Евангелие страданий - Серен Кьеркегор
Шрифт:
Интервал:
Закладка:
Что давало Павлу силы на это? Он сам в себе имел свидетельство, он отнюдь не был сомневающимся человеком, который в своем внутреннем давал при этом отказ сильным мыслям. Свидетельство, которое он имел, было выше всего, что есть в мире, и было тем сильнее, чем более мир восставал на него. Был ли он тогда слабым человеком? Нет, он был силен. Был ли он колеблющимся? Нет, он был тверд, ведь он был с силою утвержден Духом Божиим во внутреннем человеке. И того, в чем апостол сам стоял, чему вся его жизнь служит подтверждением, того желает он каждому единственному в общине. И даже если обстоятельства того времени были иными, даже если борьба и споры делали более неотложной, но также, быть может, и более трудной задачу утвердиться во внутреннем человеке, все же во все времена и при любых обстоятельствах для человека остается единым на потребу[95] спасти свою душу в этом внутреннем утверждении; ведь для всякого человека во всякое время есть и борьба, и искушение, и опасность, и одиночество, в котором он испытывается, и страх с бессилием, когда он теряет свидетельство. Поэтому давайте ближе рассмотрим, что значит:
Утвердиться во внутреннем человеке
Только бездумная душа может спокойно жить, попуская всему вокруг себя меняться и предаваясь капризному, непостоянному течению жизни, не страшась такого мира и не заботясь о самой себе. Сколь же недостойной и низкой является такая жизнь, сколь далек такой человек от того, чтобы свидетельствовать о высоком призвании человека – владычествовать над всем творением[96]. Ведь если человек призван владычествовать, значит, в мире должен быть порядок, поскольку поставить его управлять дикими силами, которые не повинуются никакому закону, было бы просто насмешкой над ним. И если ему надлежит владычествовать, то должен быть закон и в нем самом; ведь иначе он не мог бы ничем править: он или вторгался бы во все бестолково, или был бы предоставлен случаю, правь он мудро или же нет. Если бы это было так, тогда человек был бы крайне далек от того, чтобы владычествовать над всем творением, и скорее можно было бы пожелать, чтобы его и вовсе не было. И потому как только человек собирает себя с тем, чтобы более разумно рассмотреть жизнь, он ищет убедиться в том, что во всем присутствует связь; он как владыка всей твари ставит об этом, так скажем, вопрос, понуждая творение отвечать; он требует свидетельств этого.

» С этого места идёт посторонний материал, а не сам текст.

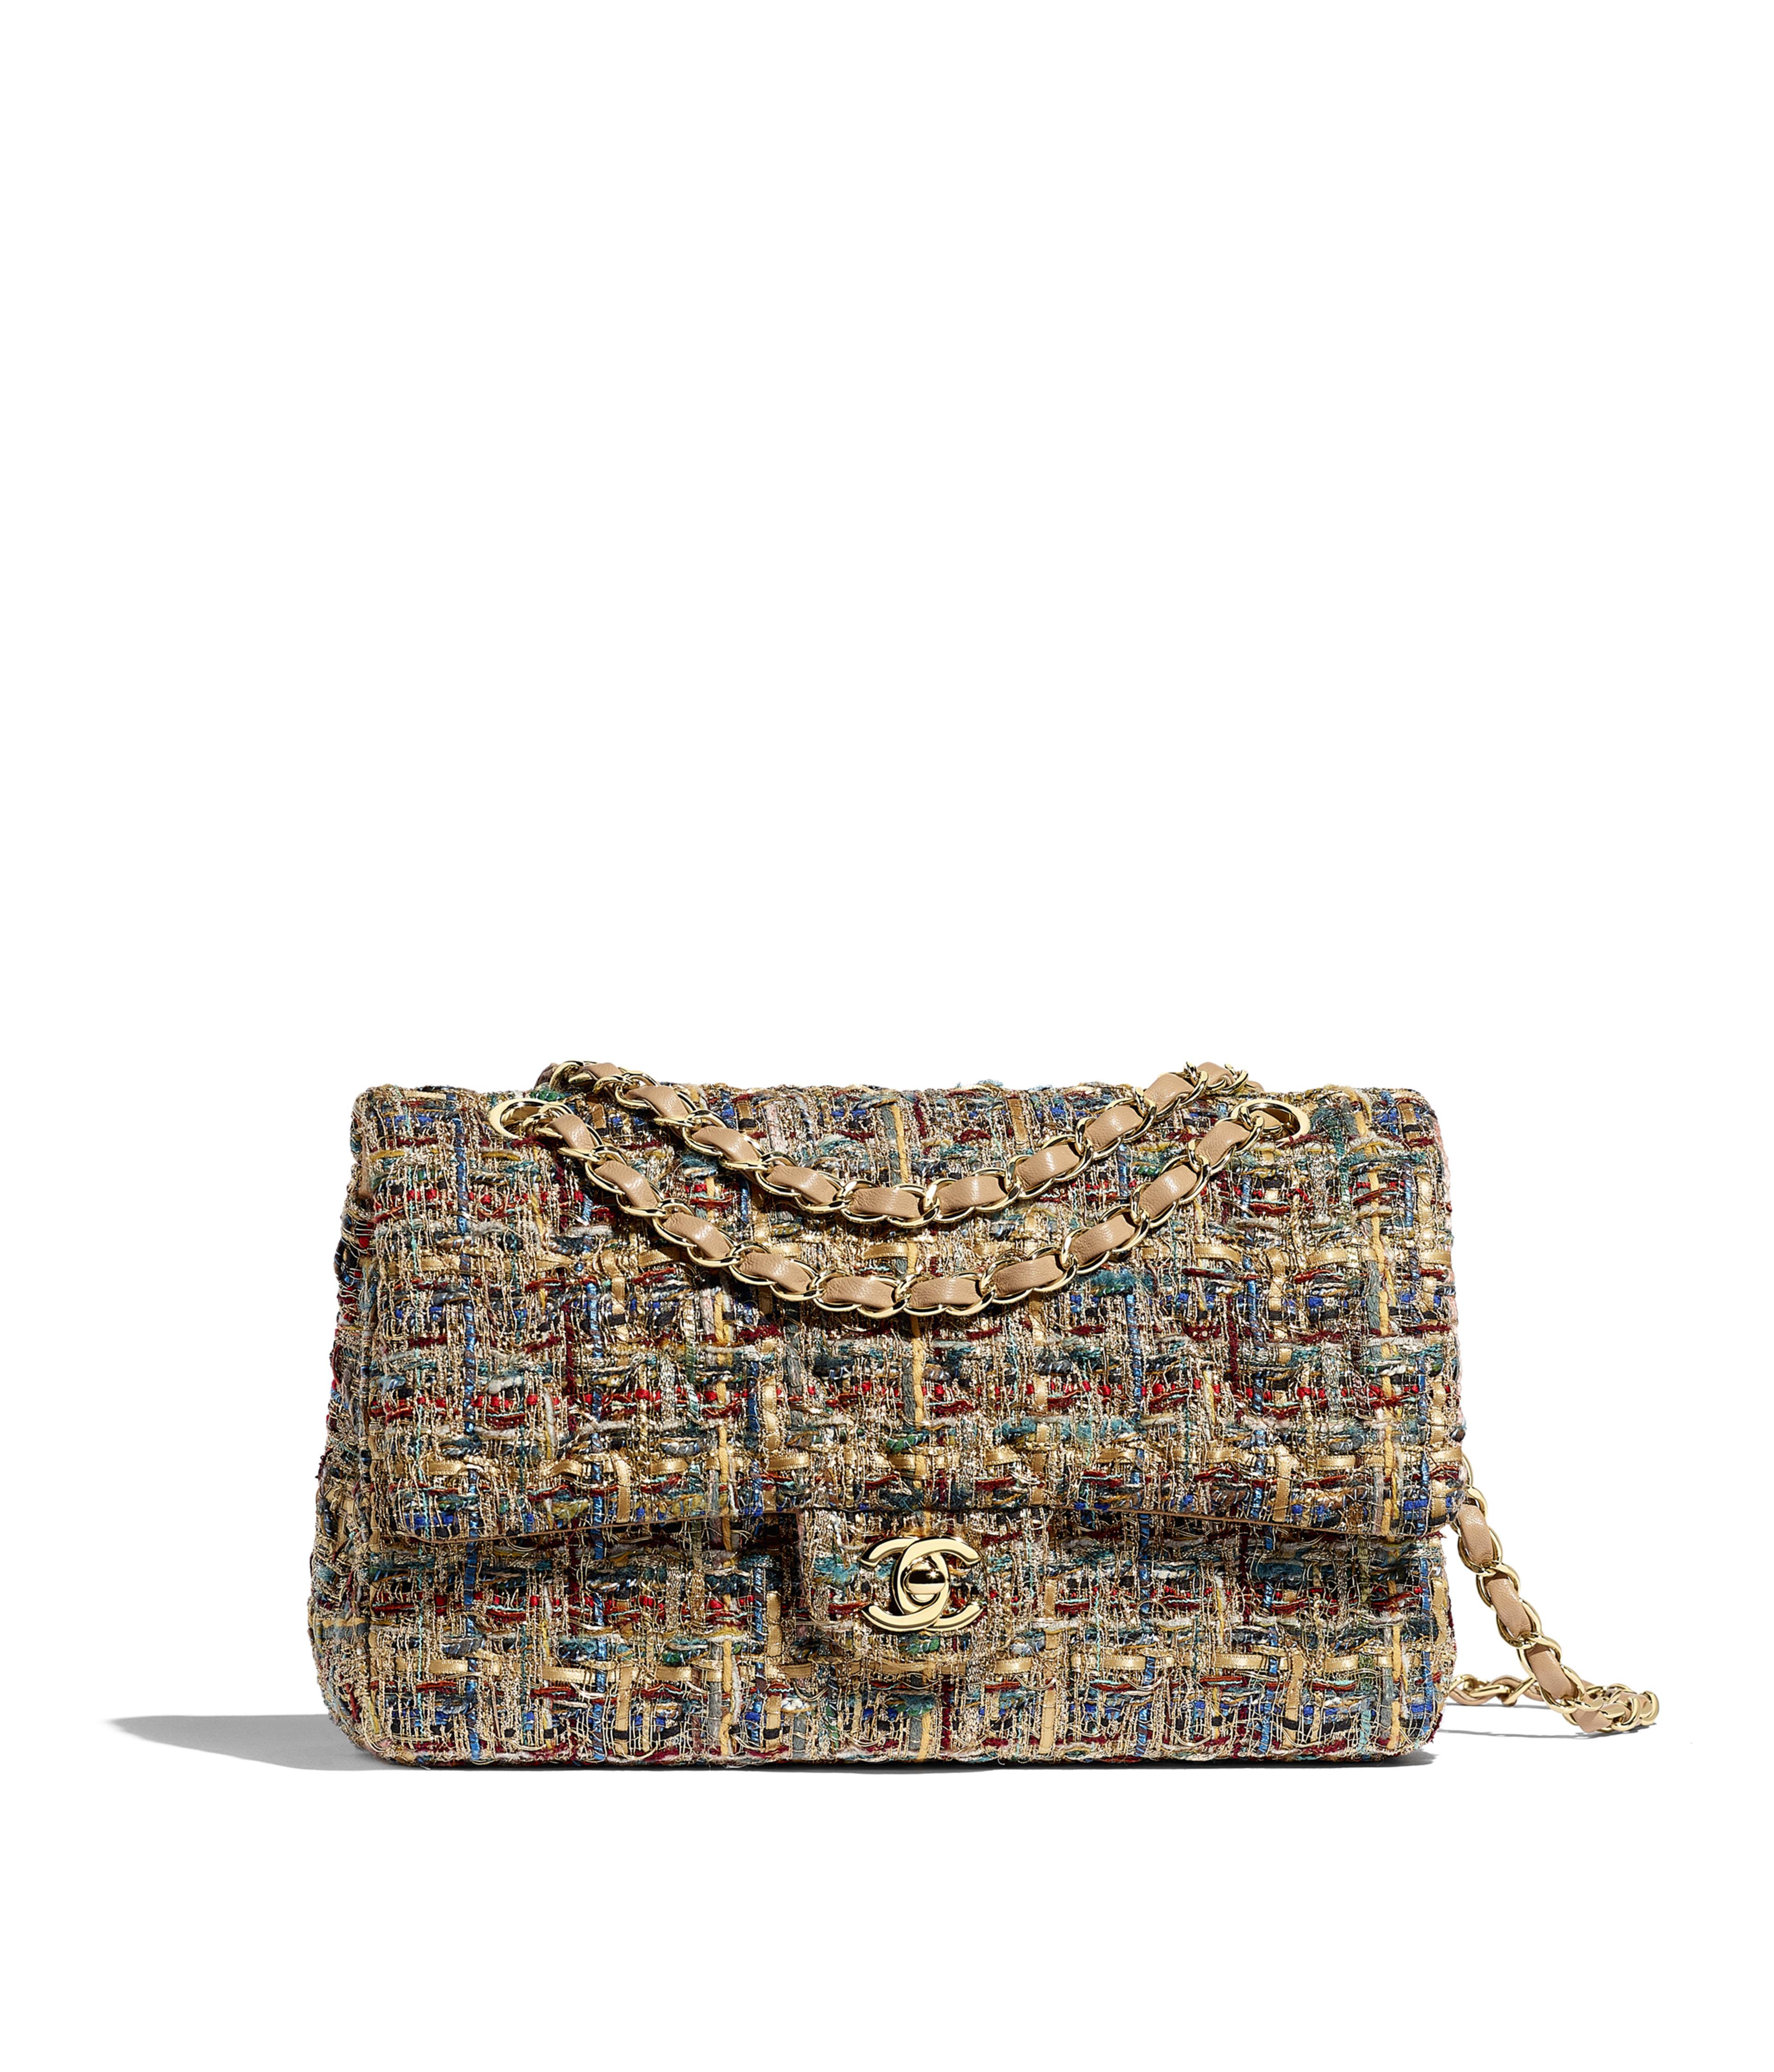 48726efac2809a Classic Handbag Tweed & Gold-Tone Metal, Gold, Blue & Green Ref.  A01112B01026MG529

Только тот, кто предал душу свою мирским страстям и похотям, тот, кто выбрал блестящее рабство, предавшись удовольствию и став не в силах освободить себя от кружащего голову или мрачного страха, сопряженного с ним, – только он довольствуется свидетельством творения о том, что он способен ловко и сметливо пользоваться им, служа мгновению. Человек – владыка всей твари, и она подчиняется даже такому недостойному его владычеству. Сколь грустно видеть такую пропащую жизнь, которую сам человек отнюдь не считает при этом бездумной, но, напротив, мнит, будто он во всем разбирается и, заблуждаясь сердцем, надеется все обратить себе на пользу. Когда он видит, что небо краснеет в вечерний час, он говорит: завтра будет хорошая погода, но если он видит красным и темным небо с утра, он говорит: сегодня будет буря; ведь о лице неба, о погоде и ветре он умеет судить[97]. Поэтому он говорит: «Сегодня или завтра отправимся в такой-то город и проживем там один год, и будем торговать и получать прибыль»[98]. Когда он с умом возделывает свою землю, он рассчитывает, что она принесет ему большой урожай. Его глаз радуется виду обильного урожая – тому, что он, быть может, бездумно называет благословенным плодом. И он спешно строит новые житницы больше прежних, ведь ему нетрудно смекнуть, что старые не вместят это изобилие. Теперь он спокоен и радостен и превозносит существование, но вот он ложится спать и слышит: «В эту ночь Я душу твою взыщу у тебя»[99]. – Его душу; не слишком ли многого от него теперь требуют; поймет ли он это? Ведь дело идет не о богатом урожае и не о недавно построенных житницах, но о том, что он, быть может, забыл, будучи занят всем этим, – о том, что у него есть душа. – Но тот, кто хоть сколько-нибудь серьезно смотрит на жизнь, тот легко видит, что он – владыка не в том смысле, что он никому не служит, и что человек отличается от животного не только тем, что он сметливее, чем оно.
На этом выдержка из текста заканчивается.